**TASK STATEMENT:**
Return only the lines running from the one that contains "Badezimmer Sky Möbel" through the end of the entries, exactly, both ends included. Omit pictures.

**RECORDS SUPPLIED:**
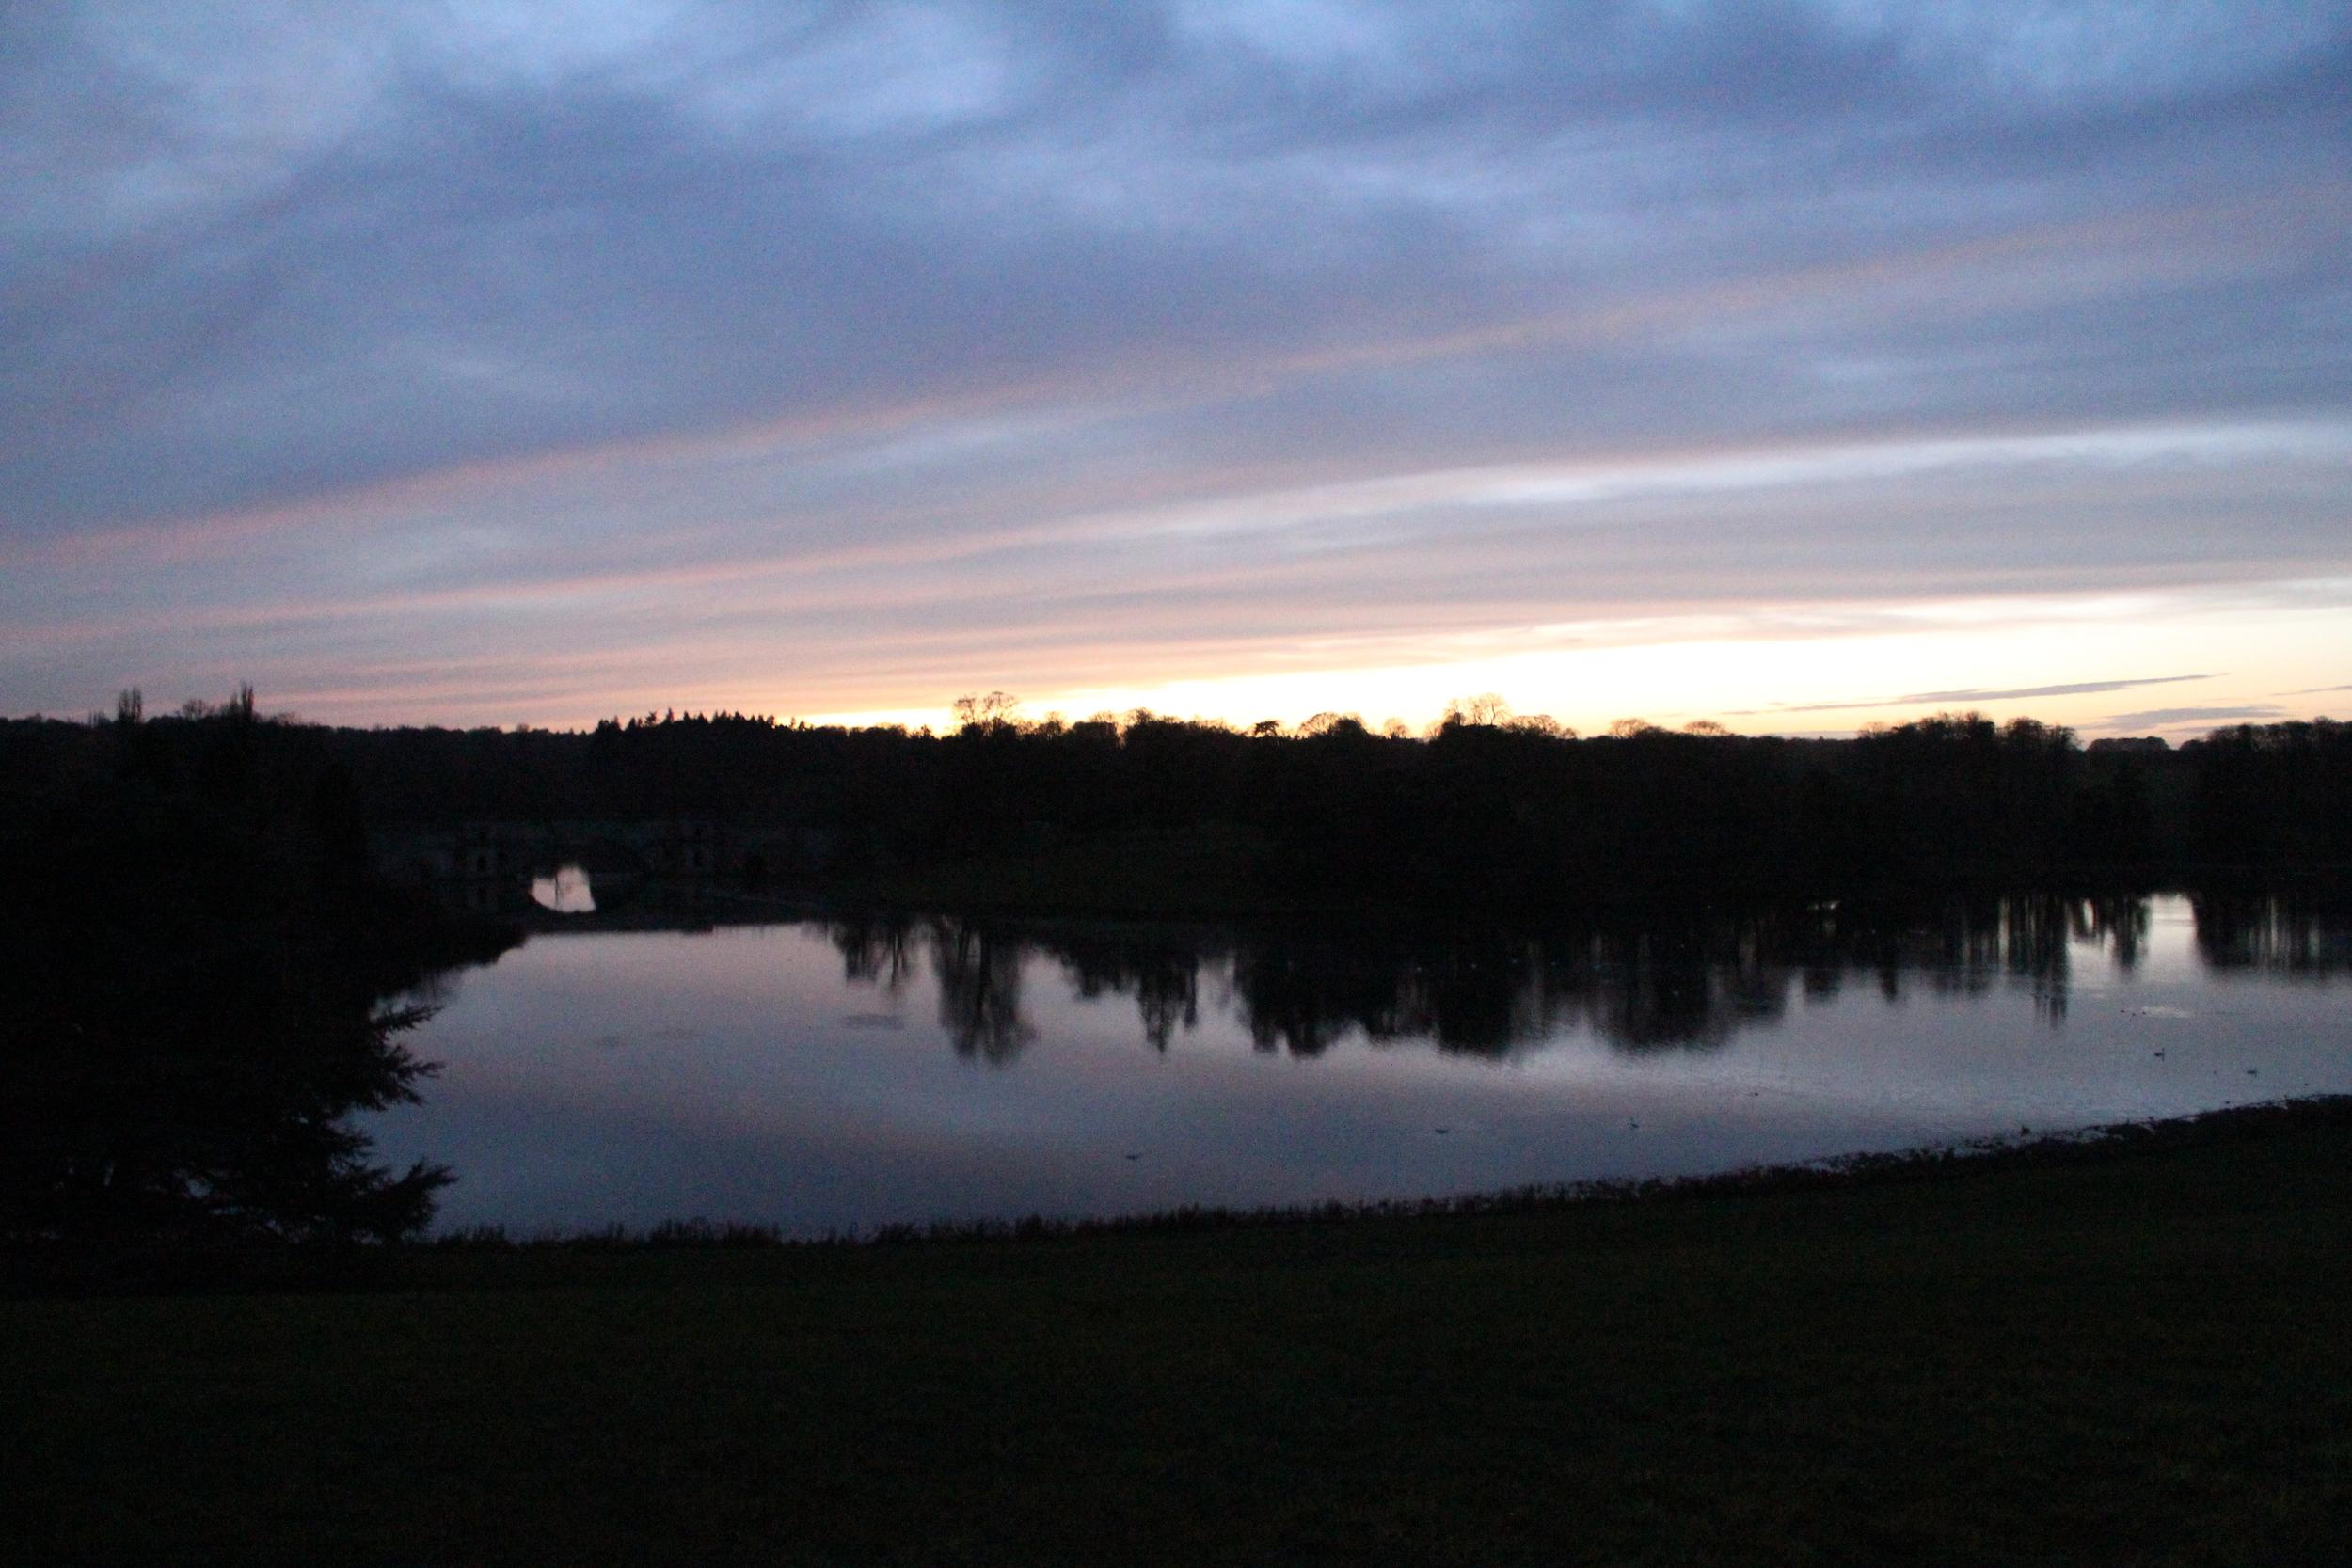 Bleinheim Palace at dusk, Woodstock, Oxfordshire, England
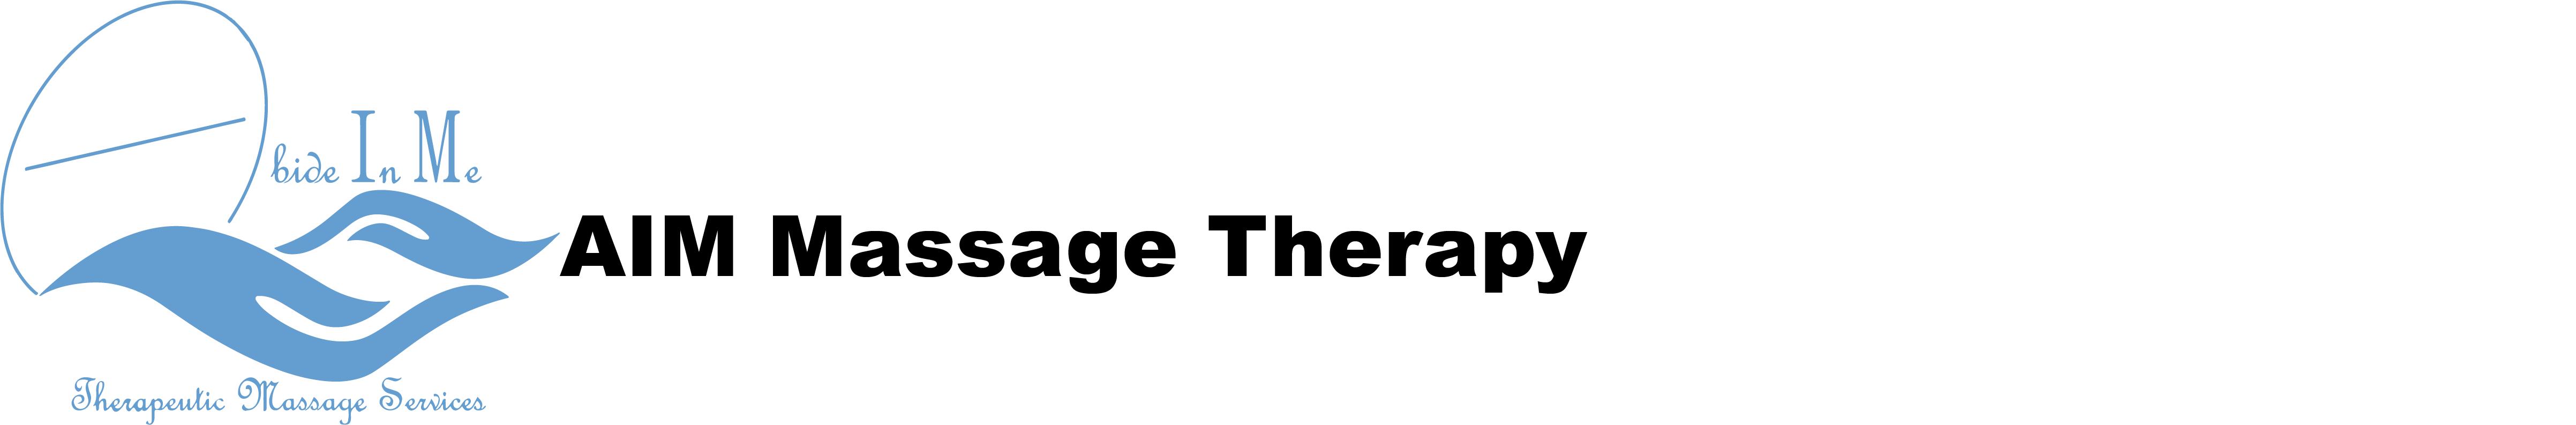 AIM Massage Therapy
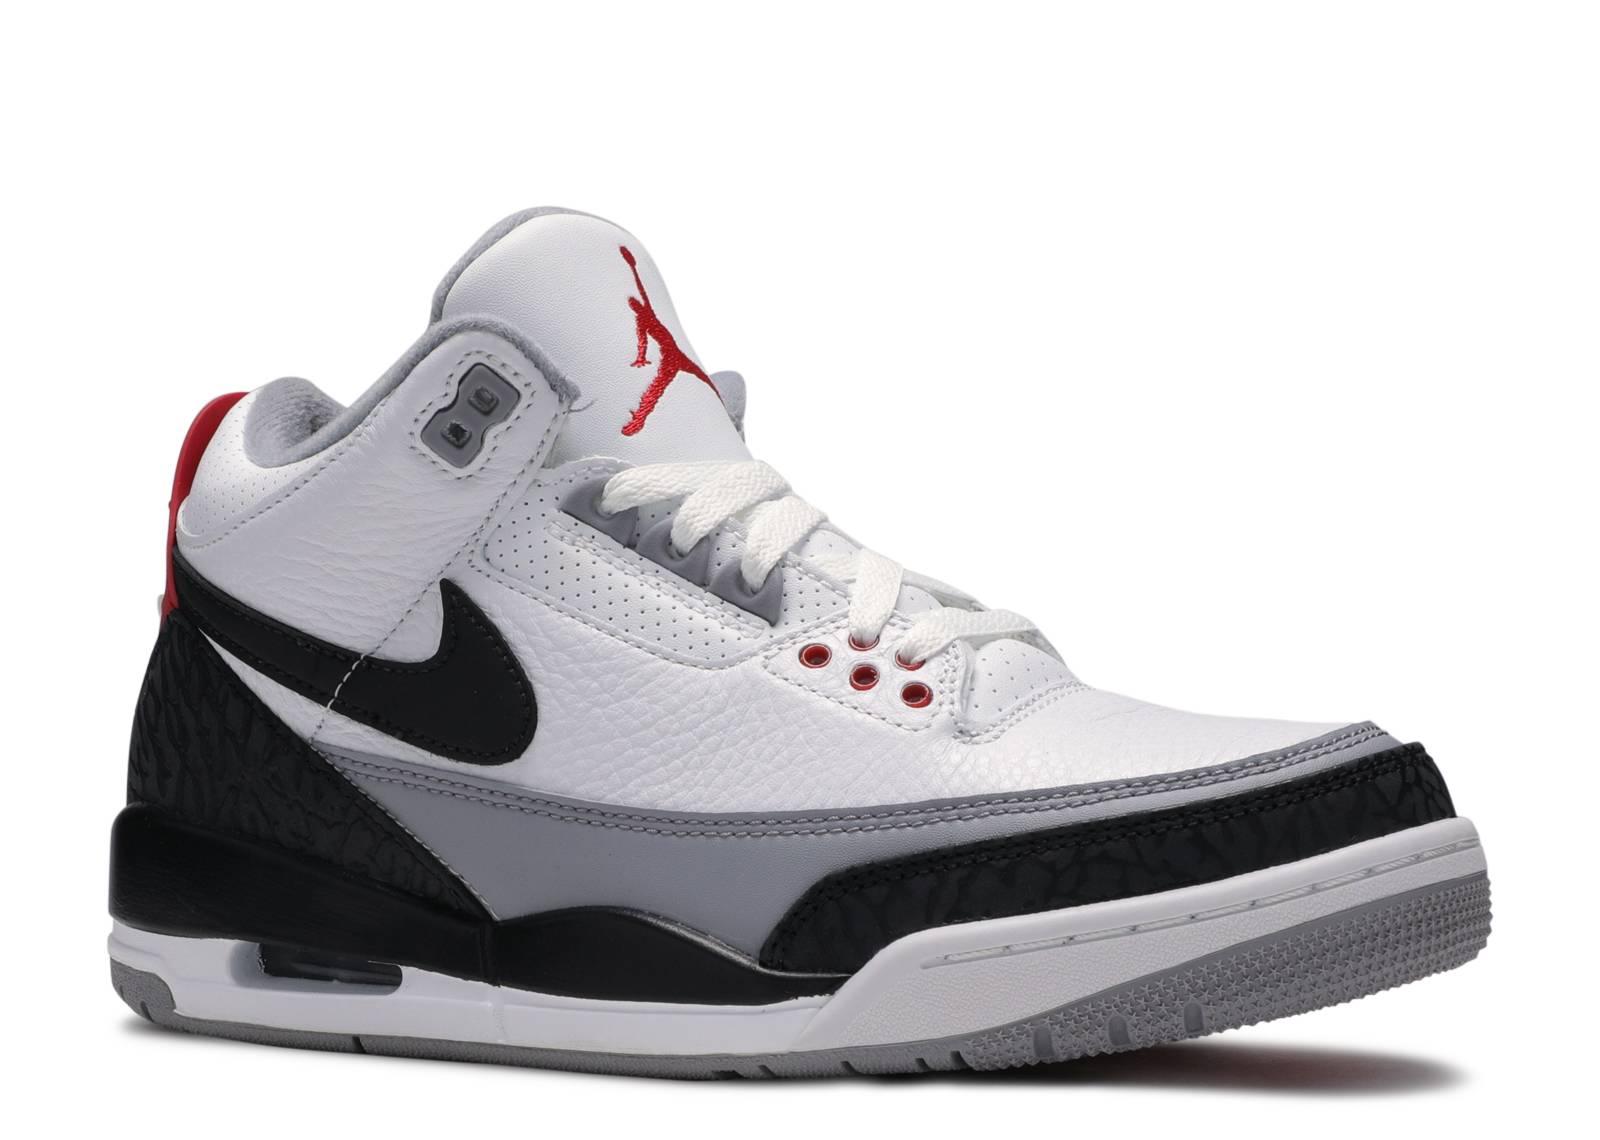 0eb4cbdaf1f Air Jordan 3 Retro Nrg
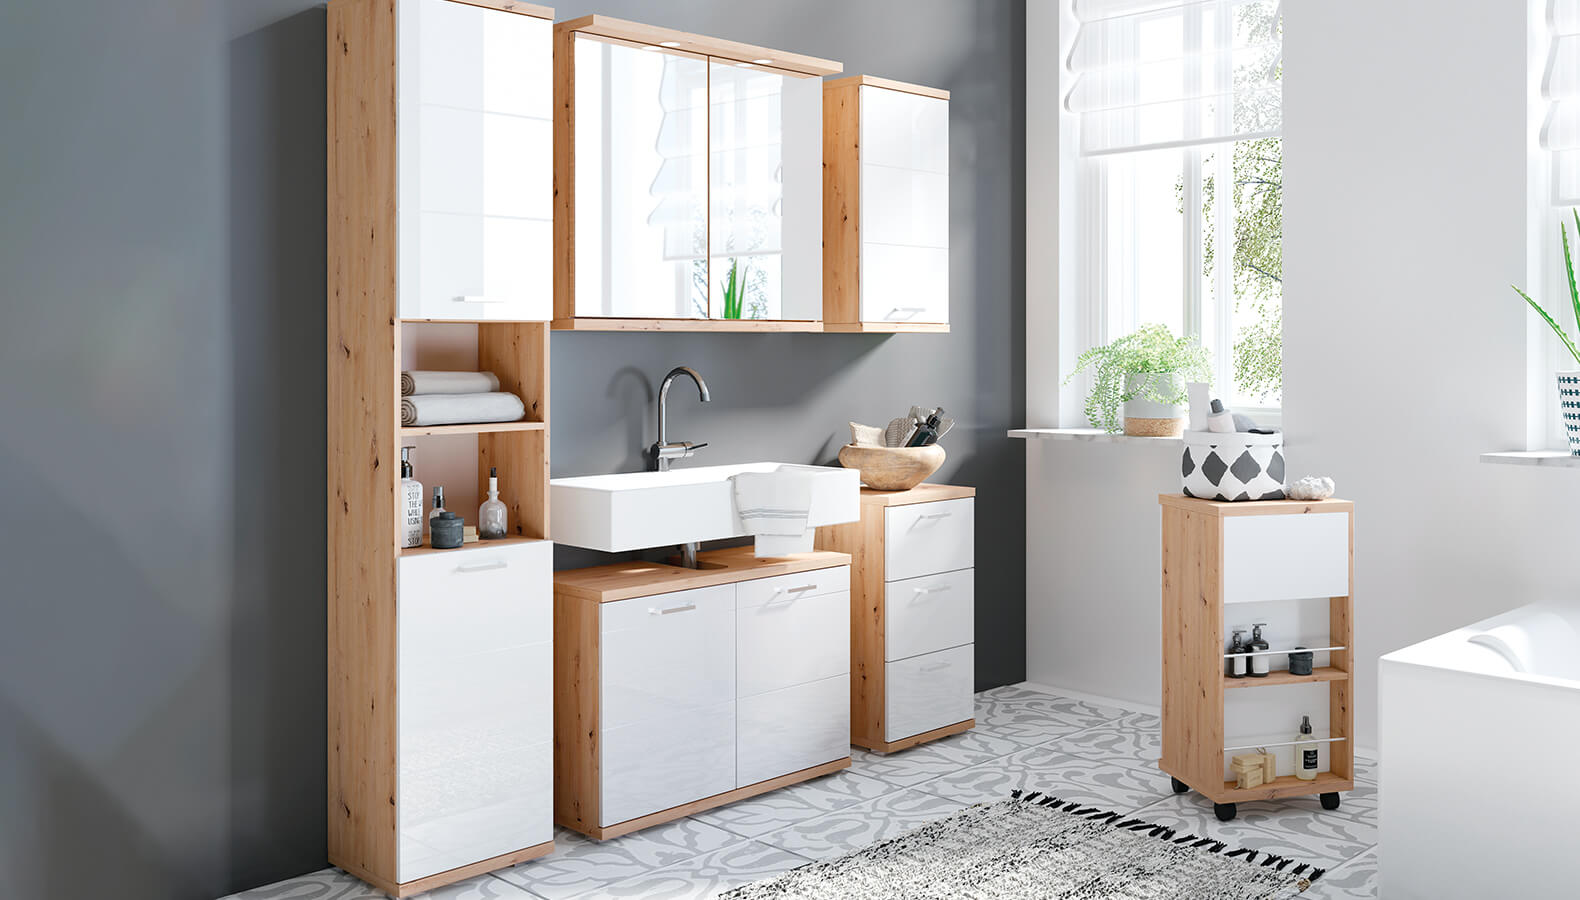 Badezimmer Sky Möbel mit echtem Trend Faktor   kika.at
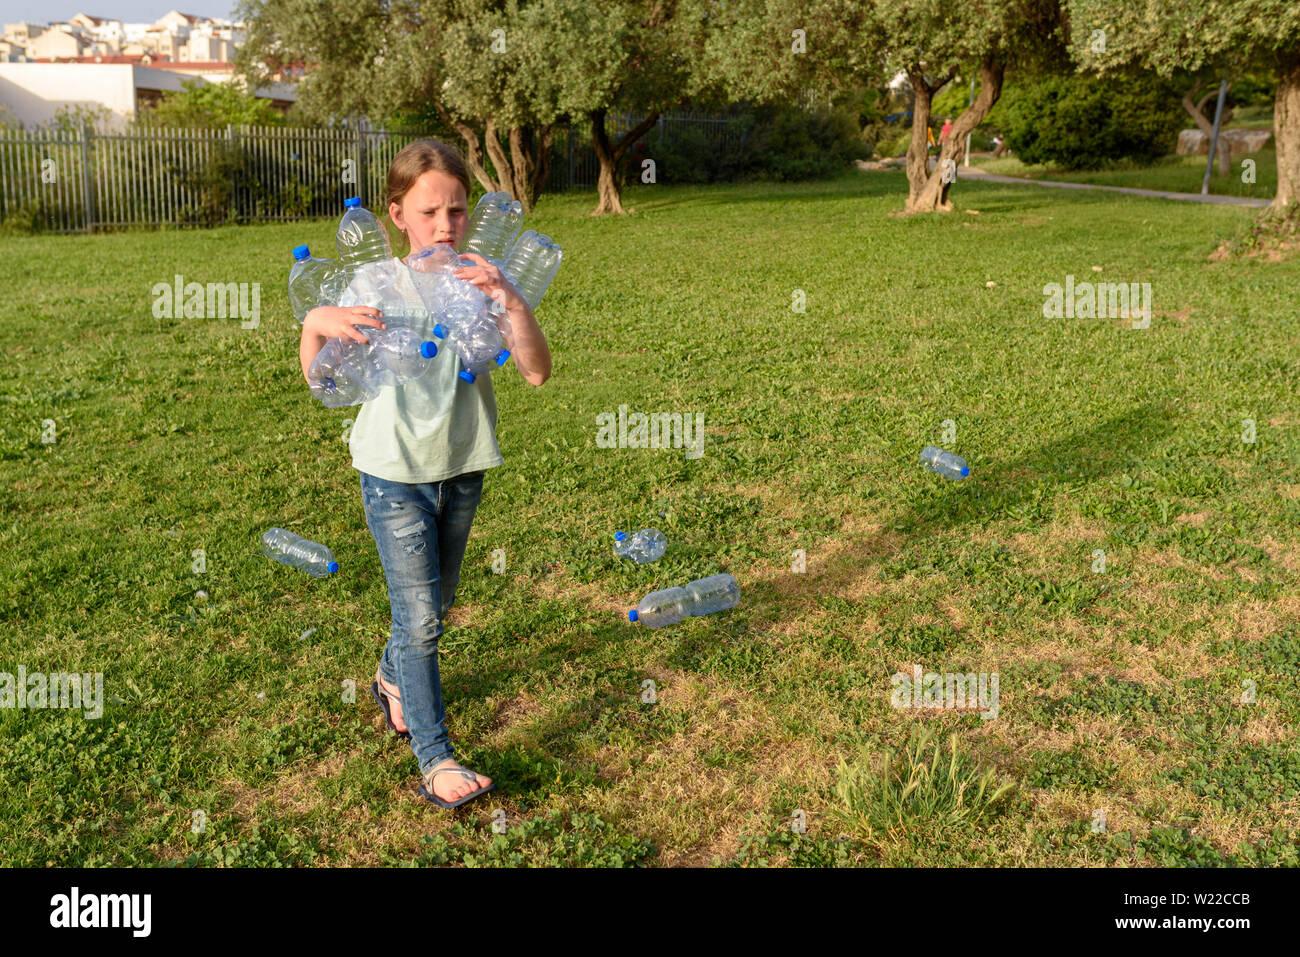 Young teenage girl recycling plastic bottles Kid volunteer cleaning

**RESPONSE BELOW:**
 Badezimmer Sky Möbel mit echtem Trend Faktor   kika.at
 Young teenage girl recycling plastic bottles Kid volunteer cleaning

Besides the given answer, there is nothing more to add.